Abstract
Homozygosity has long been associated with rare, often devastating, Mendelian disorders, and Darwin was one of the first to recognize that inbreeding reduces evolutionary fitness. However, the effect of the more distant parental relatedness that is common in modern human populations is less well understood. Genomic data now allow us to investigate the effects of homozygosity on traits of public health importance by observing contiguous homozygous segments (runs of homozygosity), which are inferred to be homozygous along their complete length. Given the low levels of genome-wide homozygosity prevalent in most human populations, information is required on very large numbers of people to provide sufficient power. Here we use runs of homozygosity to study 16 health-related quantitative traits in 354,224 individuals from 102 cohorts, and find statistically significant associations between summed runs of homozygosity and four complex traits: height, forced expiratory lung volume in one second, general cognitive ability and educational attainment (P < 1 × 10-300, 2.1 × 10-6, 2.5 × 10-10 and 1.8 × 10-10, respectively).
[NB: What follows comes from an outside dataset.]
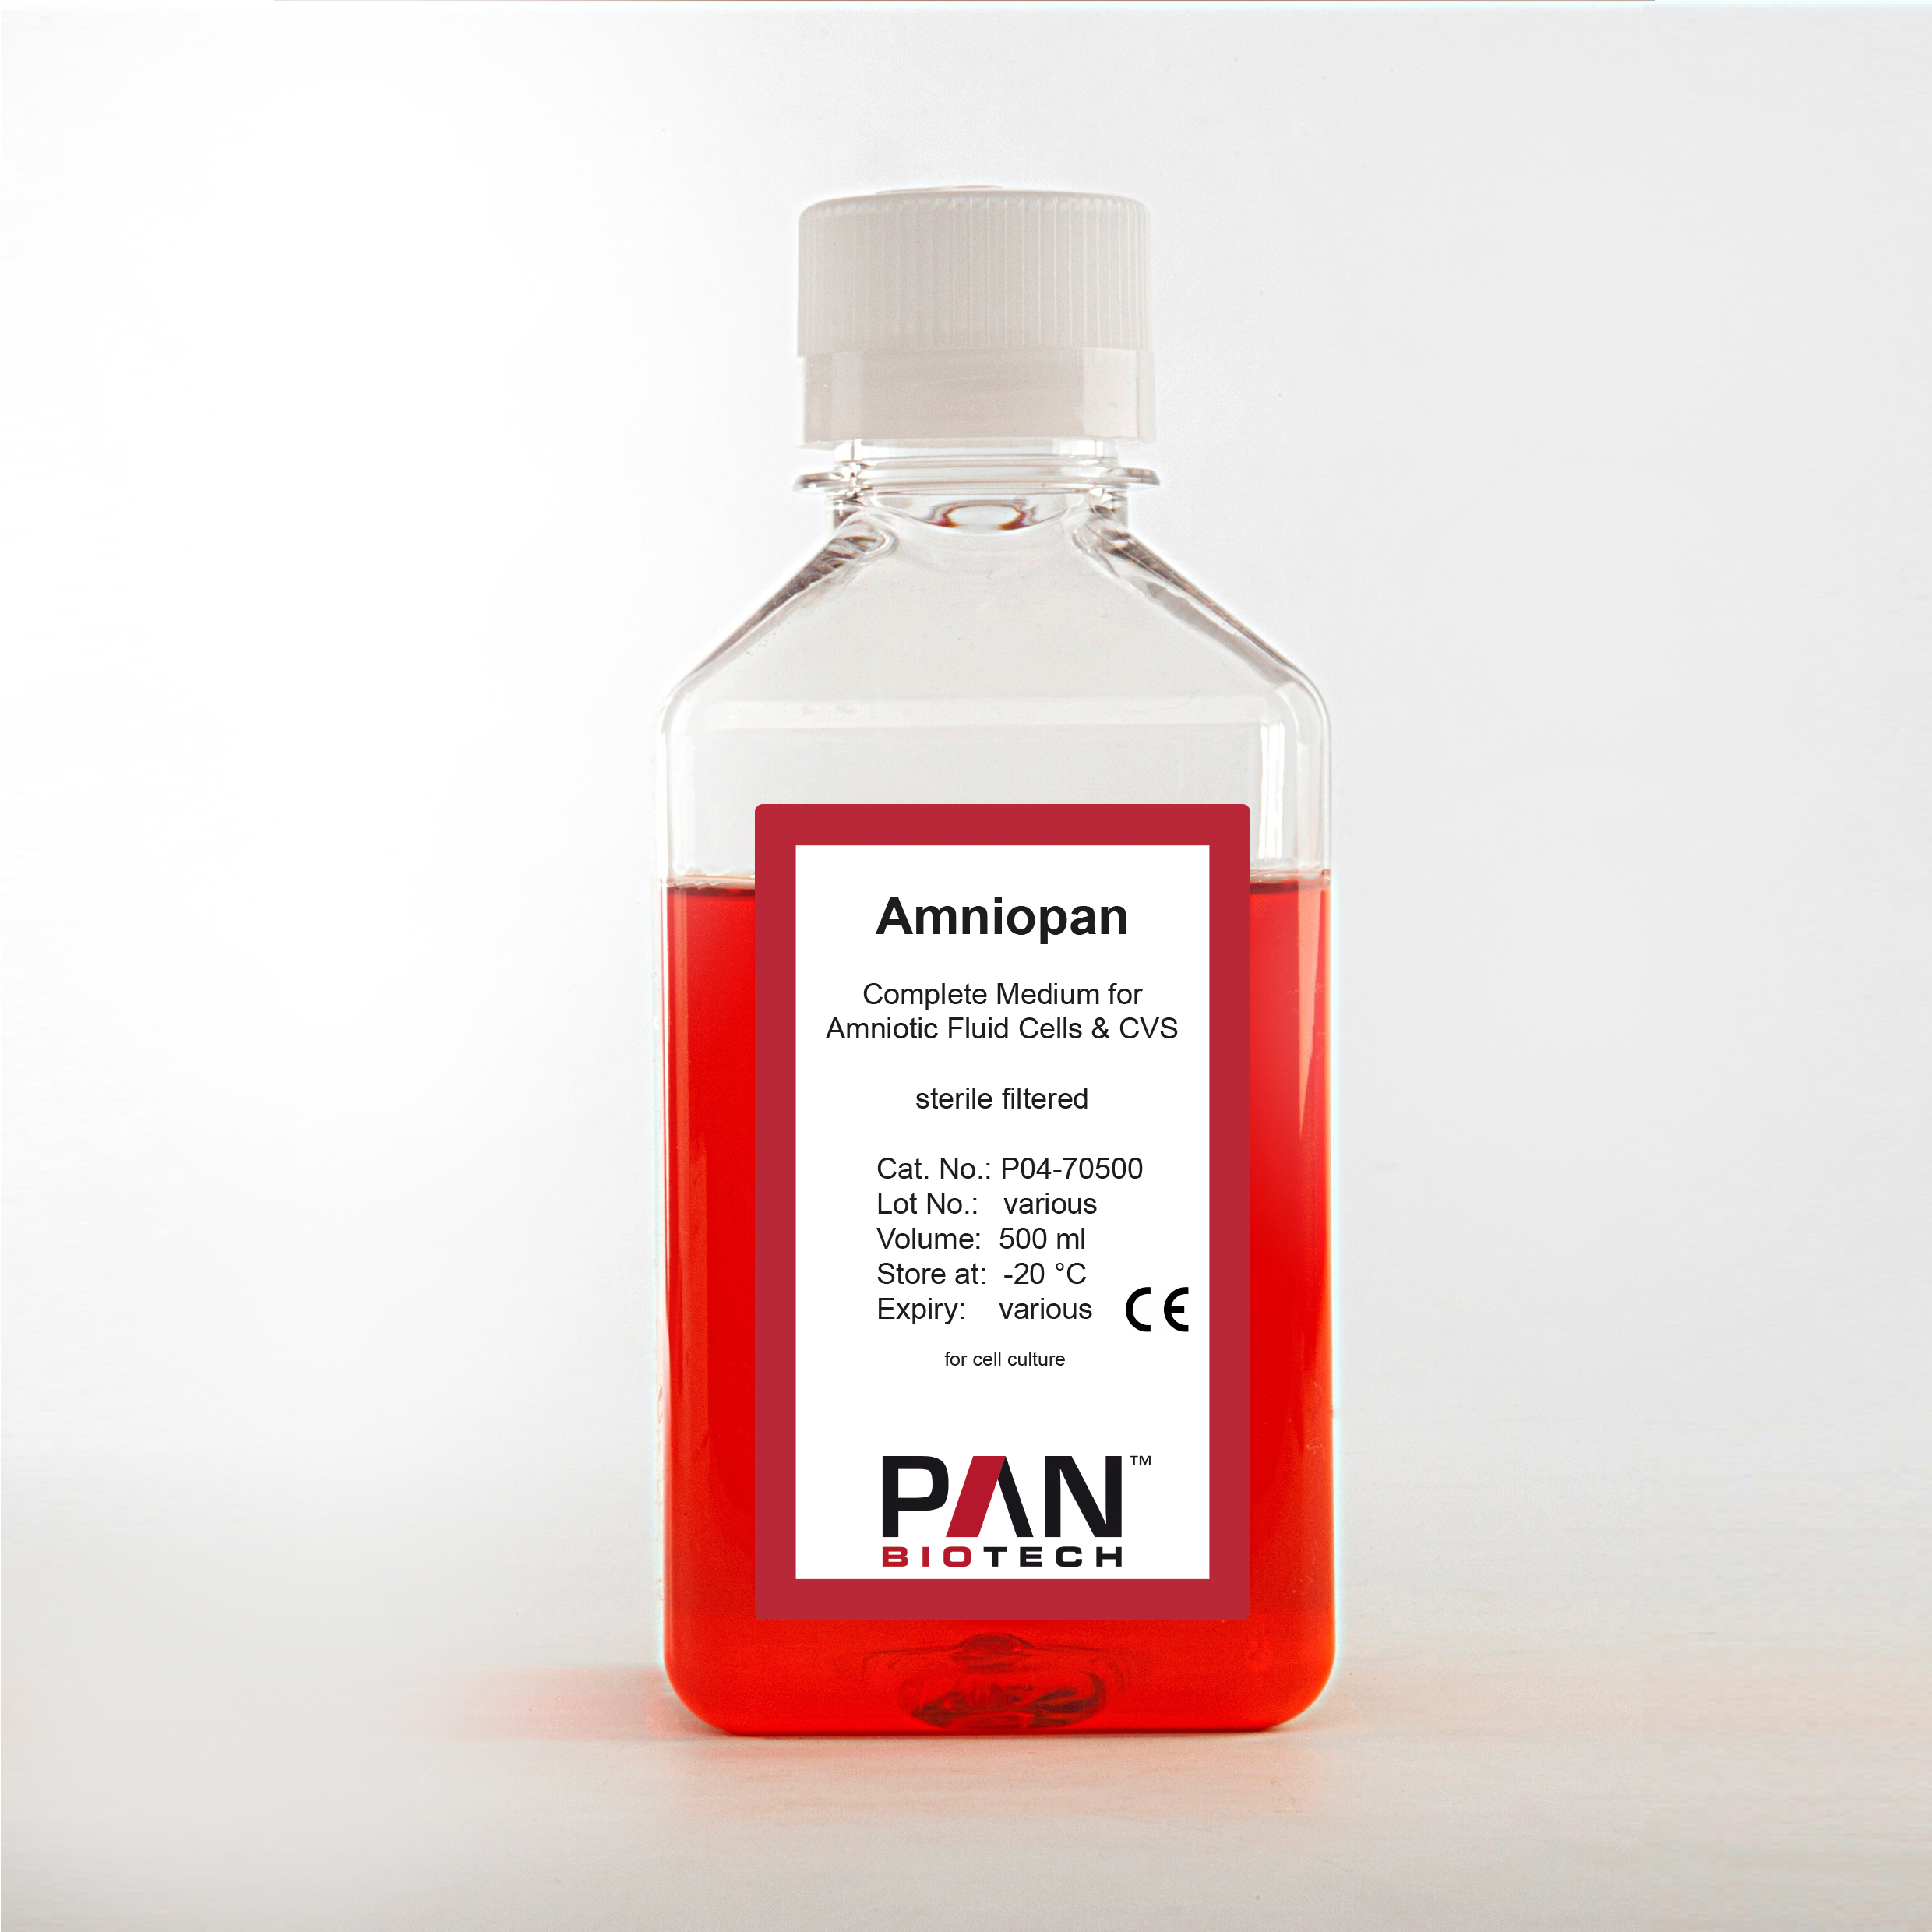 Amniopan, Complete Medium for Amniotic Fluid Cells & CVS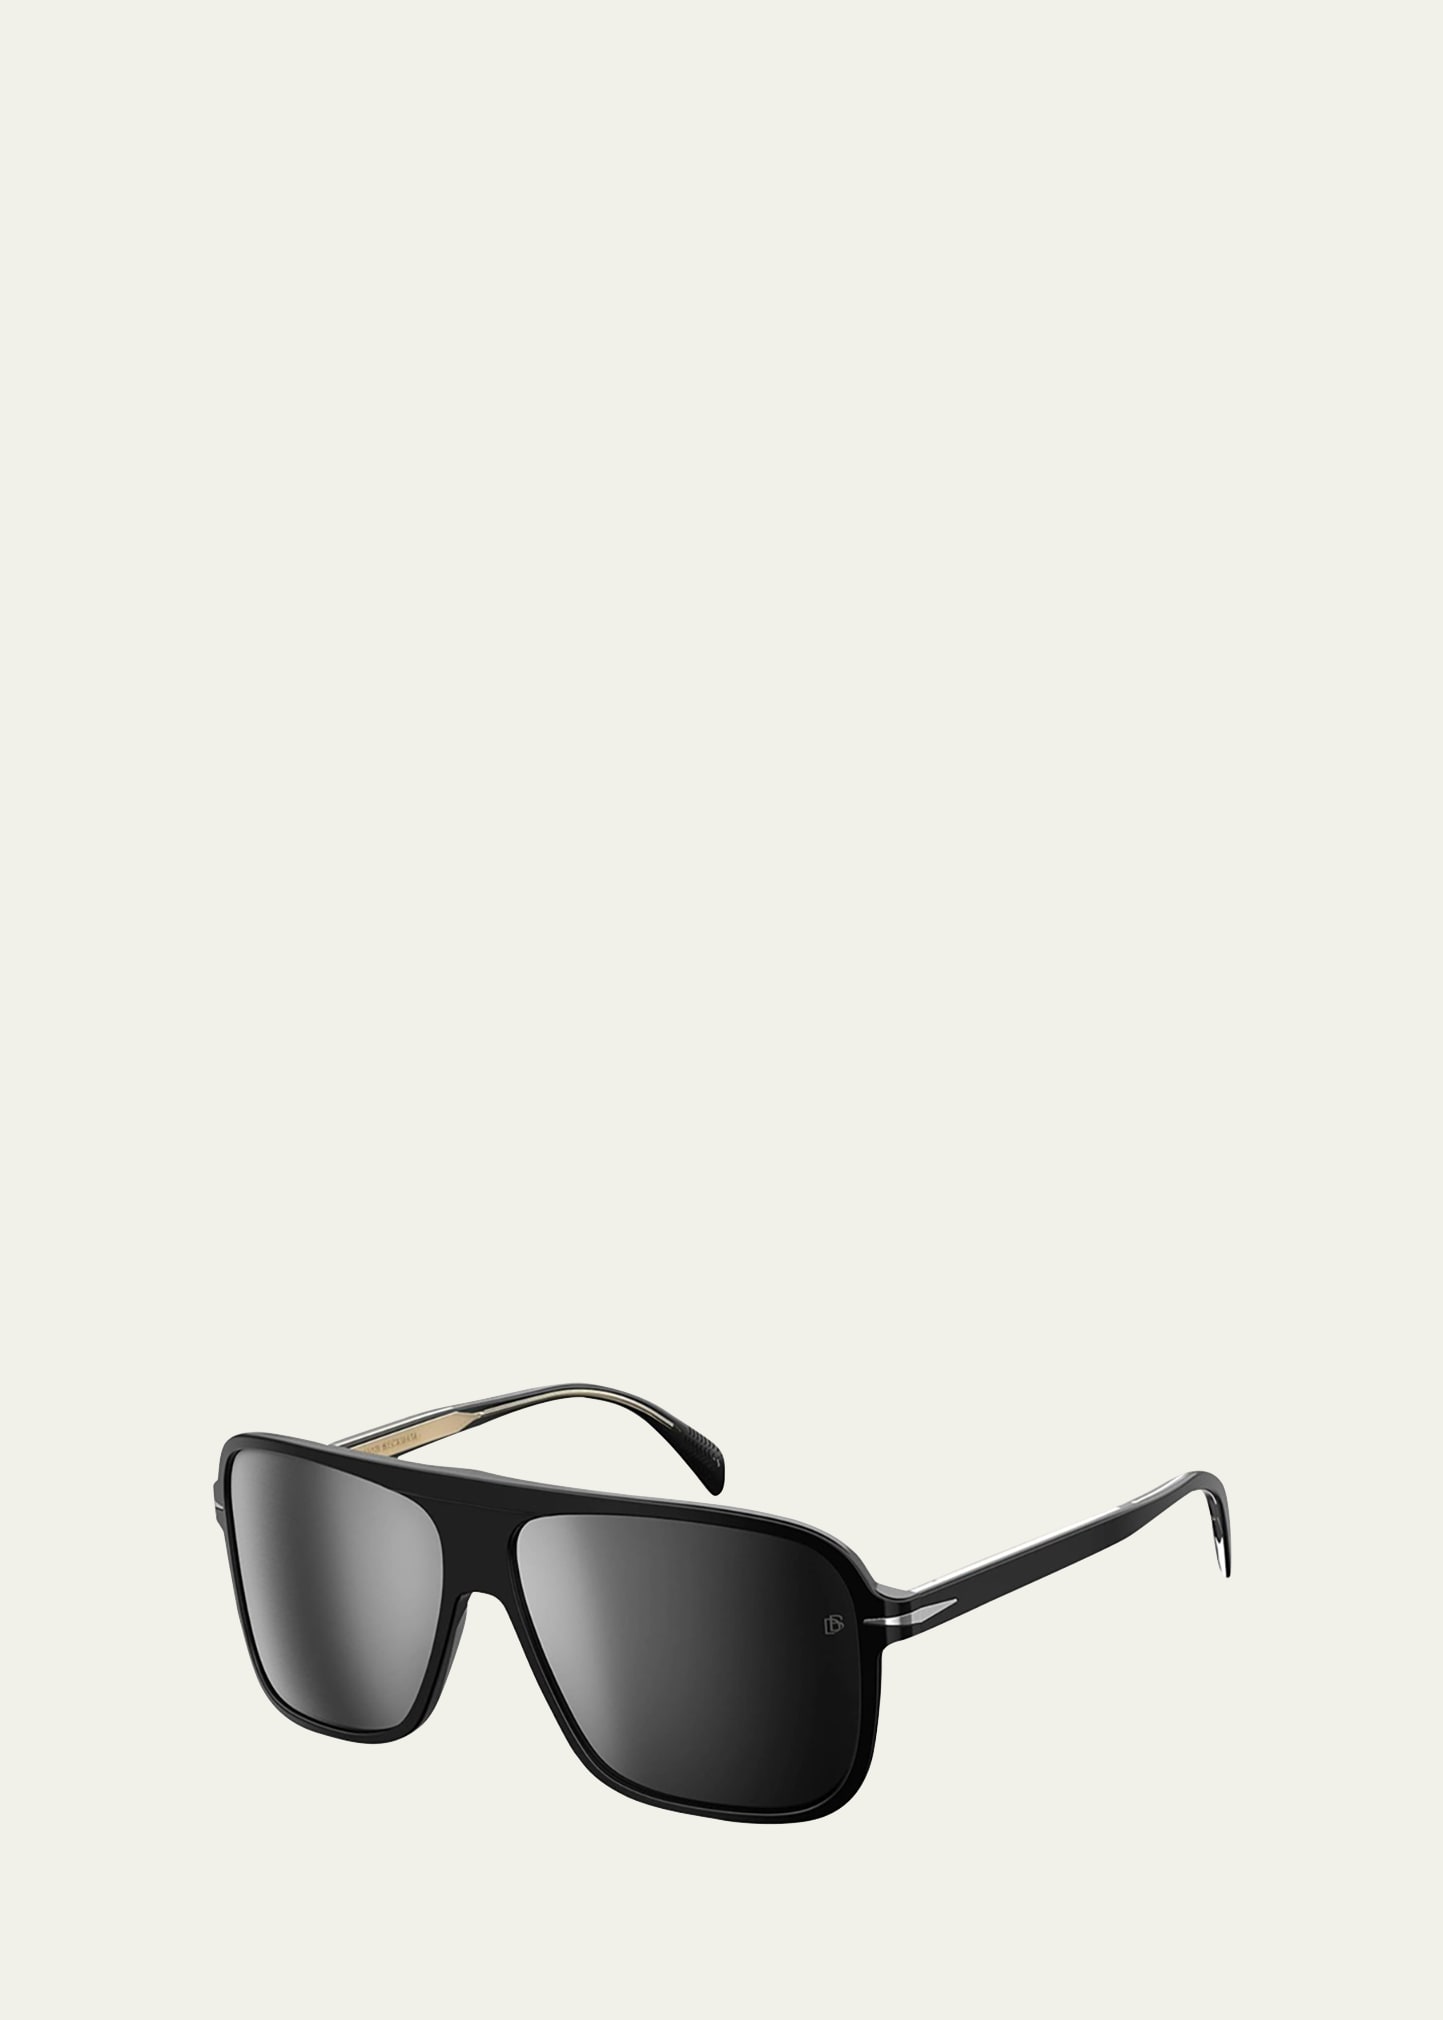 David Beckham Men's Square Patterned Acetate Sunglasses

In each case, increased homozygosity was associated with decreased trait value, equivalent to the offspring of first cousins being 1.2 cm shorter and having 10 months' less education. Similar effect sizes were found across four continental groups and populations with different degrees of genome-wide homozygosity, providing evidence that homozygosity, rather than confounding, directly contributes to phenotypic variance. Contrary to earlier reports in substantially smaller samples, no evidence was seen of an influence of genome-wide homozygosity on blood pressure and low density lipoprotein cholesterol, or ten other cardio-metabolic traits. Since directional dominance is predicted for traits under directional evolutionary selection, this study provides evidence that increased stature and cognitive function have been positively selected in human evolution, whereas many important risk factors for late-onset complex diseases may not have been.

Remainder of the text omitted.